The Martian: a perfect balance of scientific accuracy and gripping fiction


“I’m going to have to science the shit out of this,” says astronaut Mark Watney, played by Matt Damon, after being stranded on Mars. That pretty much sums up the tone in Ridley Scott’s new film The Martian, adapted from Andy Weir’s novel, which appears in cinemas this week. Many have already commended the movie for its scientific rigour and Scott has said himself that it is as “accurate as we can possibly get it”.

So does the movie live up to its expectations? Well, the mission design and the hardware are based on actual NASA capabilities and an existing plan to get humans to Mars known as Mars Direct. However, there are parts that are less scientifically accurate. But what the story lacks in scientific rigour, it makes up for with great fiction that could inspire new interest in science.

Growing food in space

The main challenge for Watney is to find a way to grow food on the planet in order to stay alive the four years until NASA’s next planned mission to Mars. While this has of course never been done in real life, it is not entirely unrealistic. In August 2015 astronauts on the International Space Station (ISS) ate lettuce that they had grown in space. This was the first time that humankind had grown and eaten food away from home.

In these so-called “VEGGIE” experiments the crew had been provided with everything they needed: soil, seeds, specific lamps tuned to the requirements of the plants. In The Martain, however, Watney had none of this specially-prepared equipment and, crucially, no soil.

The vegetable production system aboard the ISS.
NASA/wikipedia

The technical term for loose material covering rock is regolith, which includes the soil that we all know on Earth. Even regolith on Mars is familiar: we have been studying its properties since the 1970s, starting with the Mars Viking missions. NASA’sPhoenix Mars Exploration Rover (MER) has found evidence that the regolith contains crucial minerals for growing plants and is slightly alkaline, suitable for a range of crops – including asparagus and green beans.

Normally potatoes are grown in an acidic soil as this suppresses the effect of pathogens, such as common scab, but also because alkaline soils have a negative effect on the yield of potatoes. Our hero could easily account for this in his calculations for the number of plants required to grow enough food for a set number of days.

But Martian regolith may also contain perchlorates that are not good for human bodies.
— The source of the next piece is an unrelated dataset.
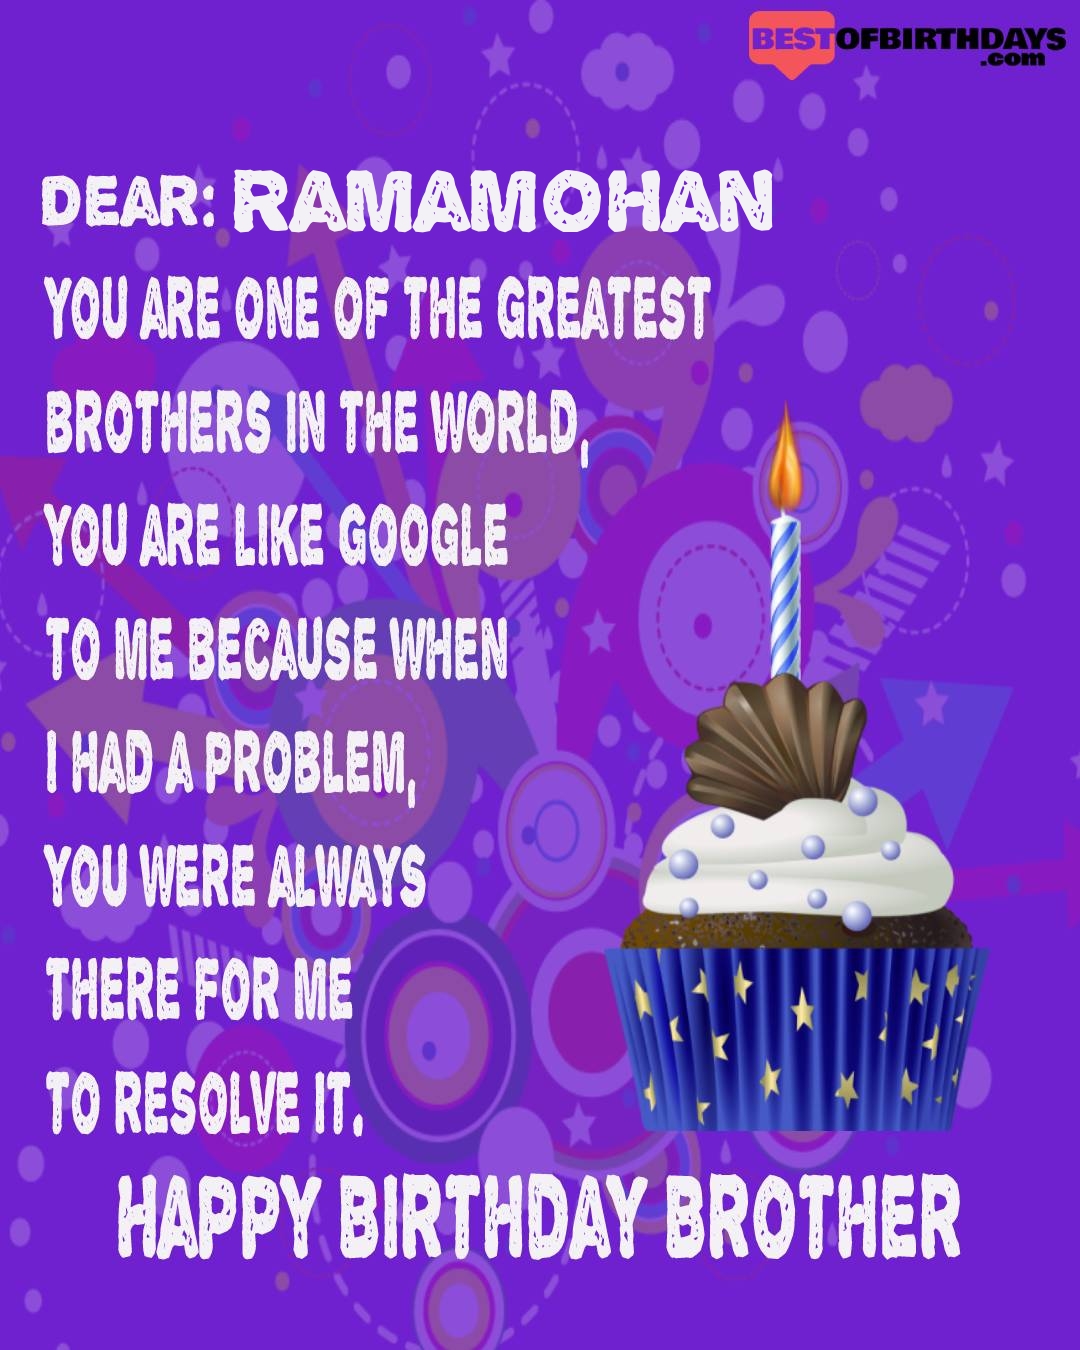 Happy birthday ramamohan bhai brother bro

However, somewhat ironically, they are used as markers for the presence of water. Watney needs additional water for his crops and sets about making this by combining oxygen with hydrogen. To get the hydrogen, Watney catalyses a type of rocket fuel known as Hydrazine, in a somewhat dangerous experiment which would be even more dangerous in real life – as you’d end up with some toxic leftovers.

But exciting new results suggest that water sometimes runs openly on the surface of Mars. So in reality, it would have been safer for Watney to just go and extract it from the regolith itself.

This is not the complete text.